Religion
- Affiliation: Hinduism
- District: Chennai
- Deity: Anantha Padmanabhaswamy

Location
- Location: Chennai
- State: Tamil Nadu
- Country: India

Architecture
- Completed: 1962

= Anantha Padmanabhaswami Temple, Chennai =

The Anantha Padmanabhaswami Temple is a Hindu temple in the neighbourhood of Adyar in Chennai, India. The temple is located on 2nd Main Road, Gandhi Nagar, near the Fortis Malar Hospital. Dedicated to the Hindu god Anantha Padmanabhaswamy (Vishnu), the temple is named after the Padmanabhaswamy Temple in Thiruvananthapuram and the deity Vishnu is depicted reclining on the mythological five-headed serpent as in the Padmanabhaswamy Temple of Thiruvananthapuram. The temple was constructed in 1962 on land donated by Chithira Thirunal, the last Maharaja of Travancore and caters to Chennai's Malayali community.

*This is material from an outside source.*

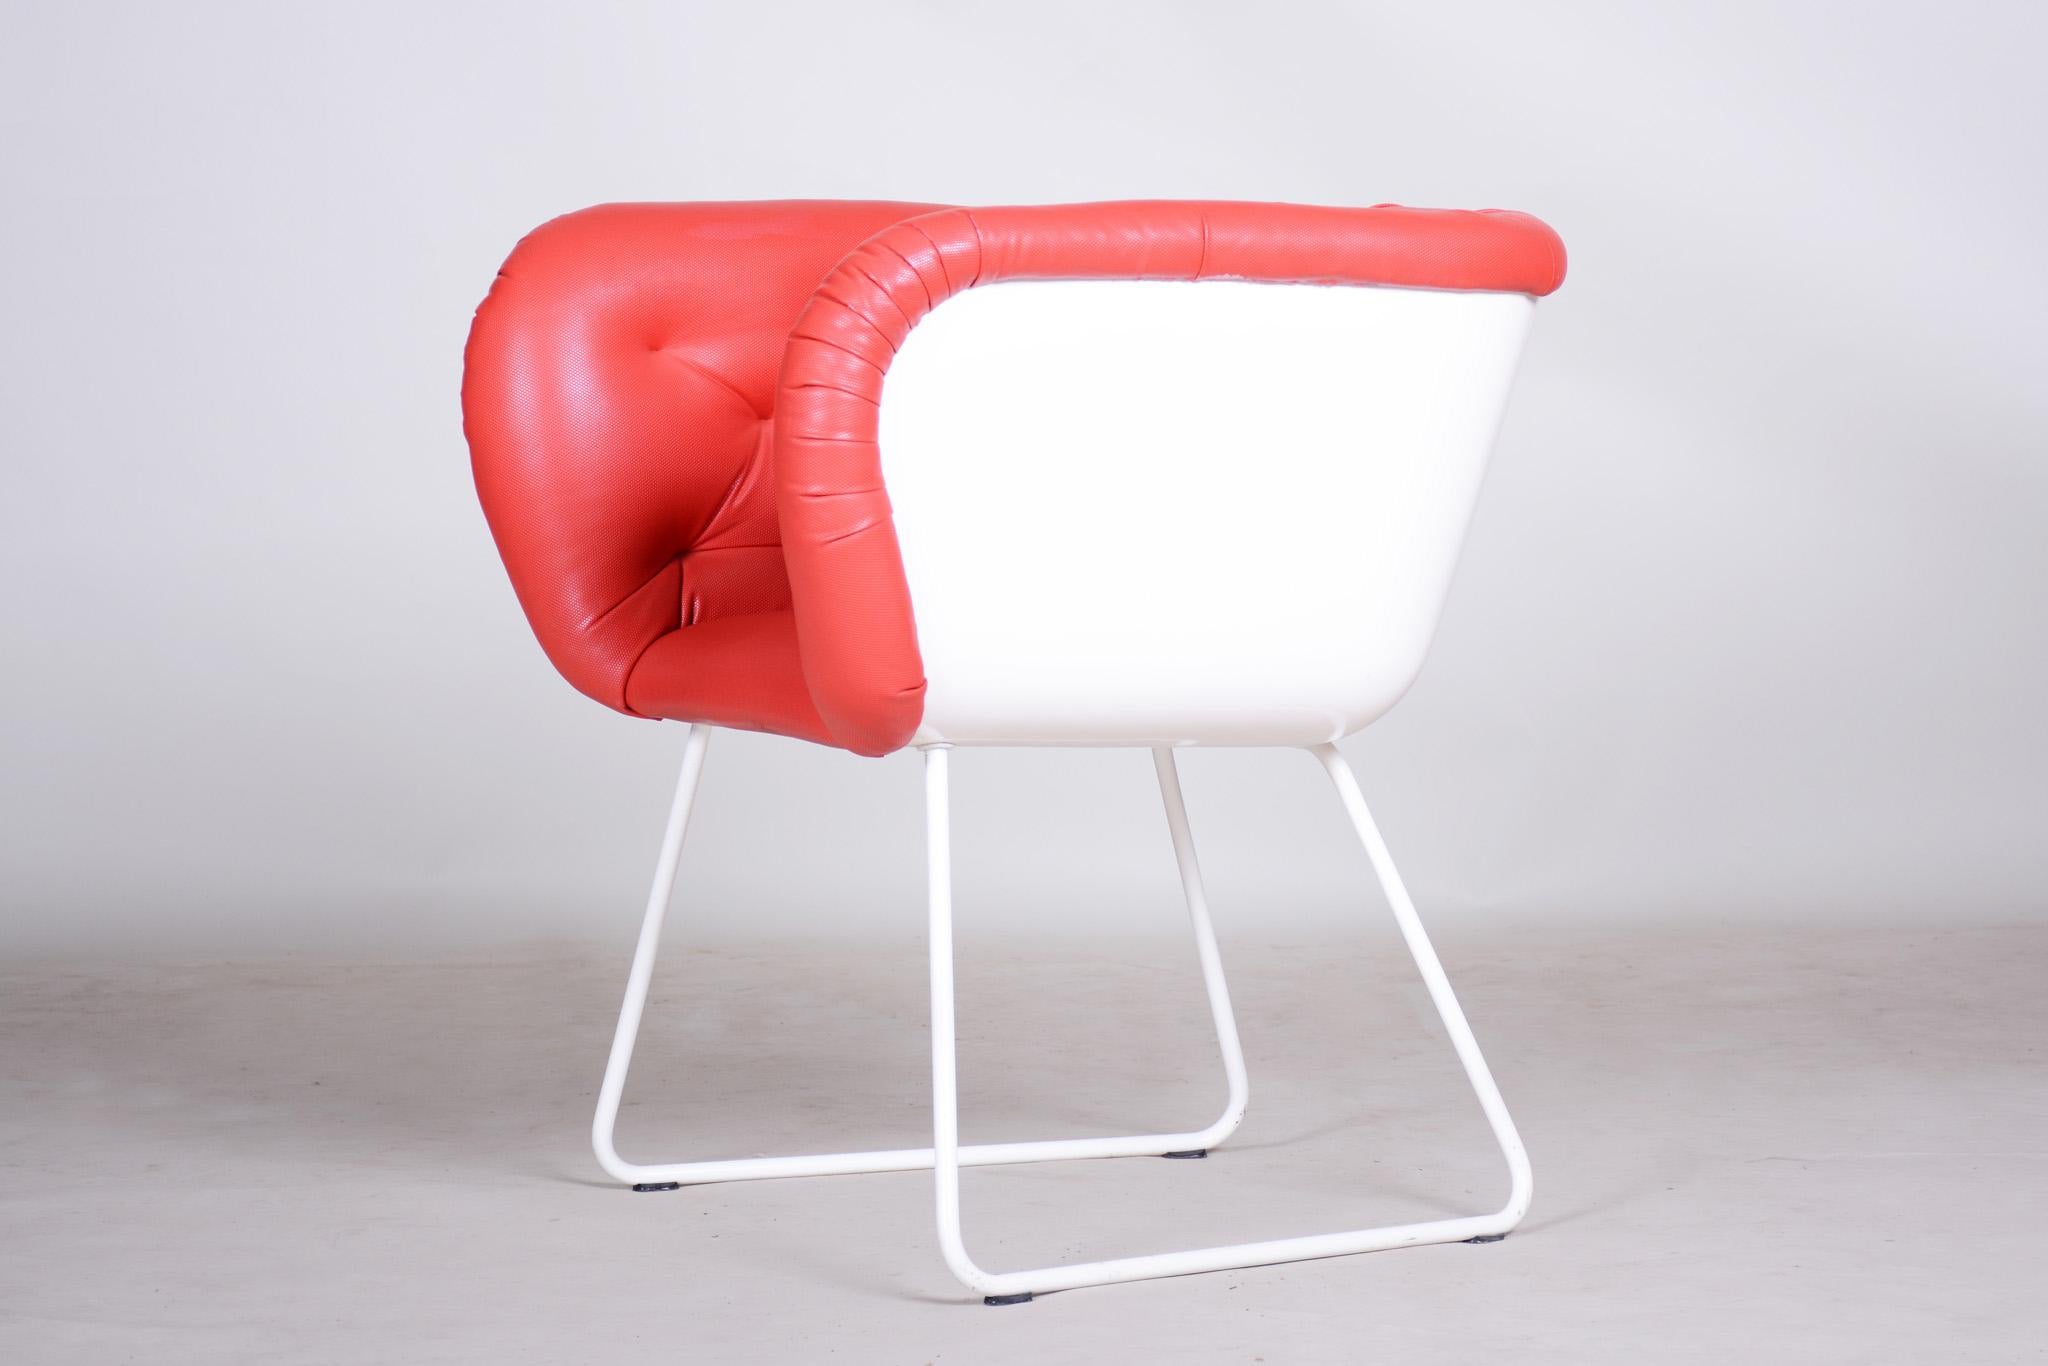 Steel Mid-Century Red and White Armchair, Original Condition, Czechia, 1960s For Sale

The temple is constructed in the Kerala style.

Within the premises of the temple, lie an yagashala for conducting daily sermons. There is also a statue of Chithira Thirunal, the last Maharajah of Travancore unveiled by Lord Erskine, the then Governor of Madras on 29 September 1939 commemorating the Temple Entry Proclamation.